ウルバーネクハウス
ナ・プシーコピエ通りからナーロドニー通りへ抜けるあたりでロンド・キュビズムで有名なアドリア宮殿の威風堂々たる姿が見えてくる。そこを南へ折れるとユングマノヴァ通りである。目指すウルバーネクハウスはアドリア宮殿の斜め向かいにその威圧的な様子とは対照的にひっそりと立っている。J.コチュラ、1912年の作品で、プラハにおけるモダニズムの萌芽と言われている。直線のみで構成された赤煉瓦壁の建物は劇場・店舗・住宅からなる複合施設。ファサードは上へ行くに従って微妙にセットバックしており、装飾らしい装飾はファサードを3分割する付柱くらいだが、こちらも上へ行くに従って厚みを増すようにつくられている。過剰ともいえるほど装飾に溢れた当時のプラハにおいて、シンプルなコチュラのこの建物はさぞや貧弱に見えたことだろう。
現在は違うだろうが、チェコでは装飾のない近代建築は兎小屋と言われた。日本の住宅もその小ささ故に兎小屋と揶揄されたが、コチュラの場合は何の装飾もない粗末な建物と言う意味だったろう。周囲のこれまでの建築事情を見れば無理もない。古くはルネサンス時代の絵画建築、新しくはファンタやポリーフカの華やかなアール・ヌーヴォー建築が陸続と建てられたプラハの街である。当然といえば当然の反応だっただろう。これまで構造材として使われていた煉瓦を意匠として全面的に使用した斬新さも、当時の人々にはいかにも粗末なと言う印象に一役買ったかもしれない。精神的に参っていた時期もあったようで、ワグナーシューレの仲間であるオルブリッヒに悲嘆にくれた手紙を送ったりしていたようである。コチュラの実作が少ないのは時代に受け入れられなかった故ということなのだろうか。

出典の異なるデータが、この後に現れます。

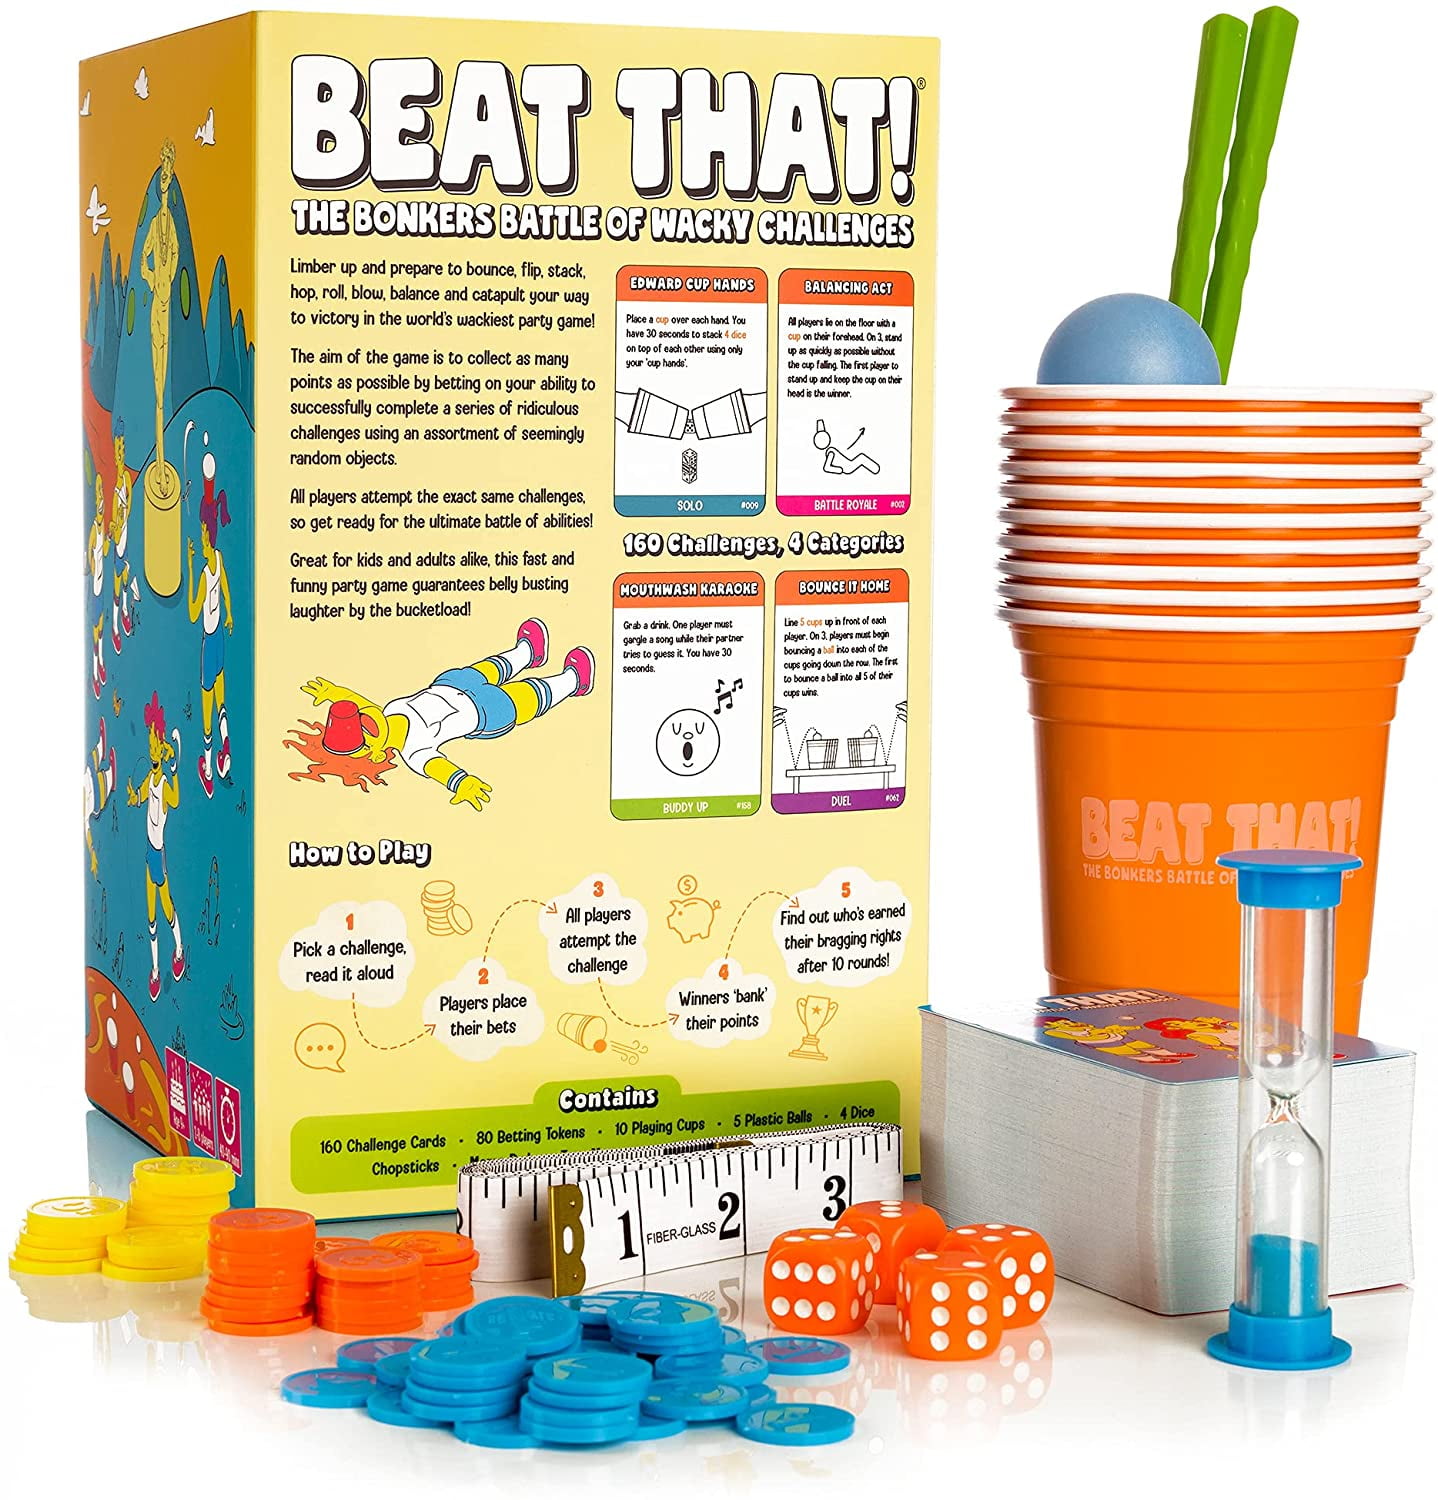 Beat - The Bonkers Battle of Wacky Challenges [Family Party Game for & Adults] - Walmart.com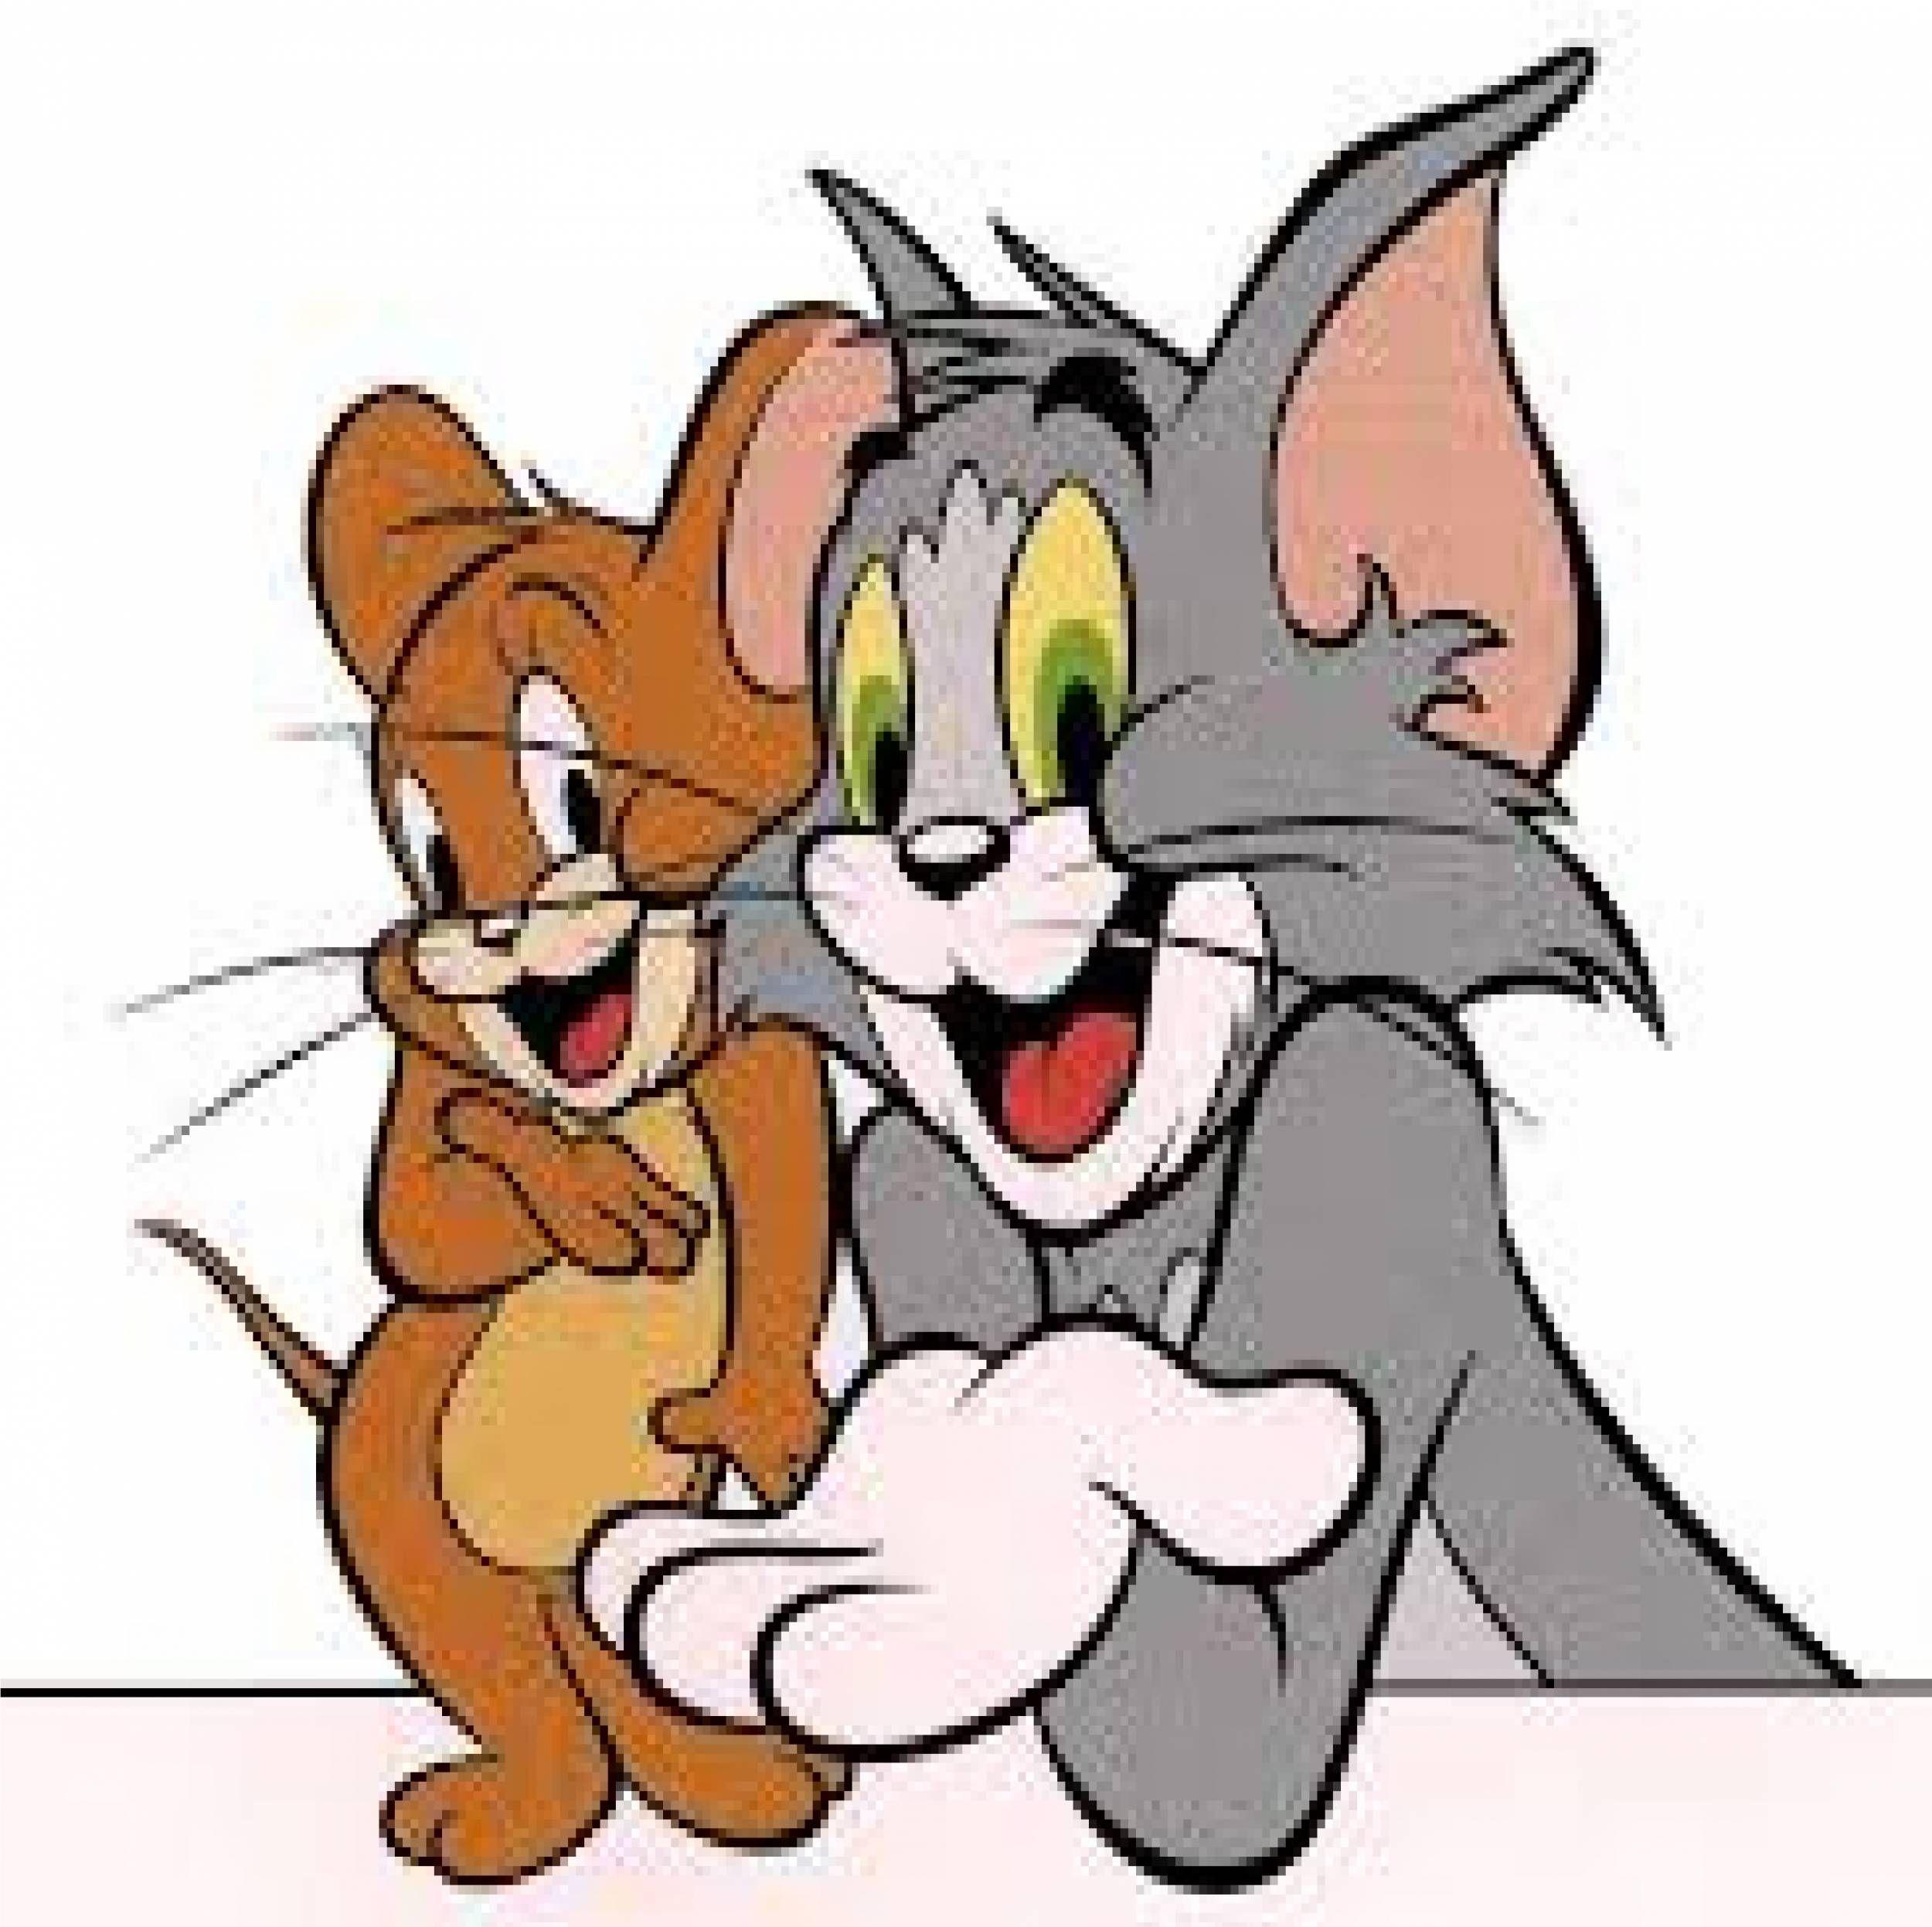 free download tom and jerry videos for mobile

ペテルカ館カでも書いたようにコチュラはチェコ近代建築の祖と呼ばれている。オットー・ワグナーに合理主義を学び、自らも1909年コチュラ自邸やライヒテルハウス、1912年ウルバーネクハウスと既にモダニズムと言っていい建築を建てている。アメリカのフランク・ロイド・ライトやイギリスのマッキントッシュ、オランダのベルラーヘ等世界の建築家にも興味を持ち、チェコの建築界に紹介もしている。プラハについて多数著作のある京都精華大学の田中充子助教授によると、そんなコチュラの根底にあったのは「芸術は必要によってつくられる」というモダニズムのあくなき追求だったのではないかということである。モダニズムと言えば誰もが真っ先に思い浮かべるのはル・コルビュジェだが、ル・コルビュジェが有名なドミノ・システムを発表したのは1914年のこと。そのころ既にJ・コチュラはモダニズム建築を建てている。スイス人のル・コルビュジェがフランスで活躍したように、チェコ人のミュシャがフランスに行ってメジャーになったように、コチュラの活躍の場がフランスであったら・・・と考えなくもないが、逆にコチュラがチェコにいなければ「建築博物館」と言われるプラハの町もかなり色あせたものとなったかもしれない。